Of the material below, only the lines from the line containing "I Believe Alien" down to the line containing "Curved smooth tape" belong in the answer, written out exactly.

> _Recorded data_
*** Block opens ***
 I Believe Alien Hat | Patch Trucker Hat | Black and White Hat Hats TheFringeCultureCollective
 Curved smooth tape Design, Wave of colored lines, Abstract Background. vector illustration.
*** Block closes ***
*** Block opens ***
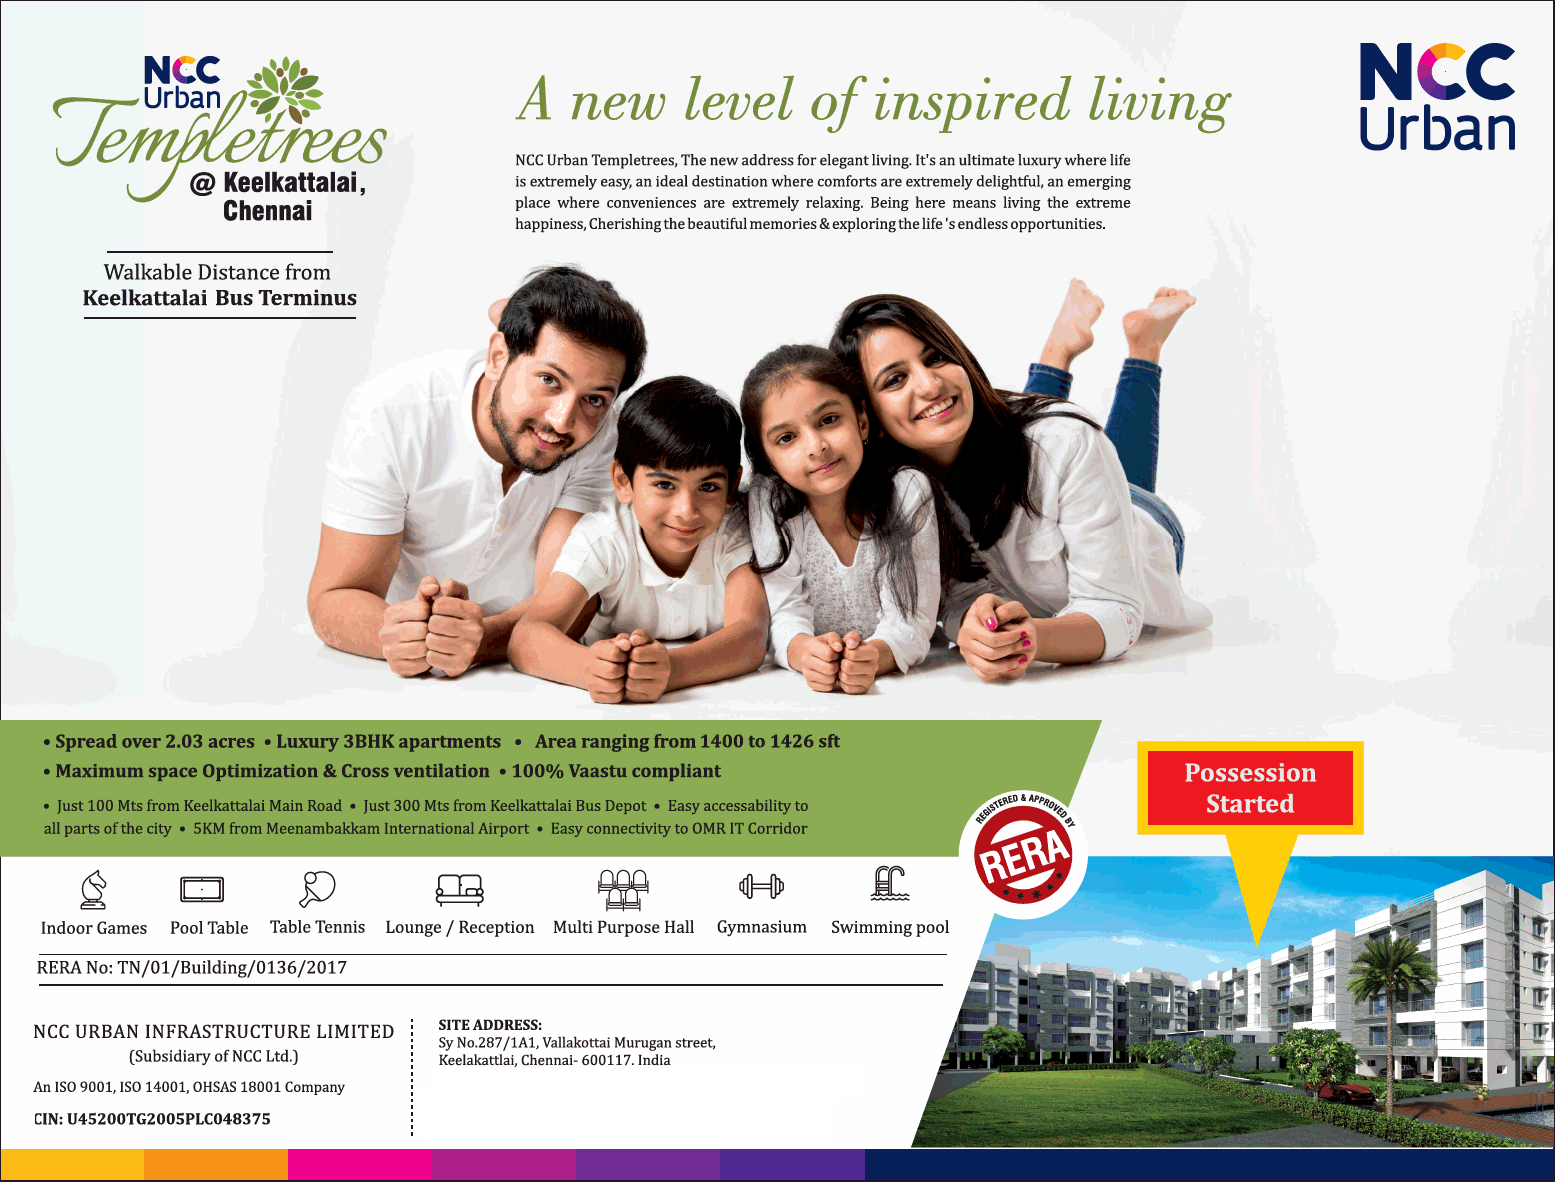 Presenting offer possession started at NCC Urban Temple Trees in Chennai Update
*** Block closes ***
> _Response_
 I Believe Alien Hat | Patch Trucker Hat | Black and White Hat Hats TheFringeCultureCollective
 Curved smooth tape Design, Wave of colored lines, Abstract Background. vector illustration.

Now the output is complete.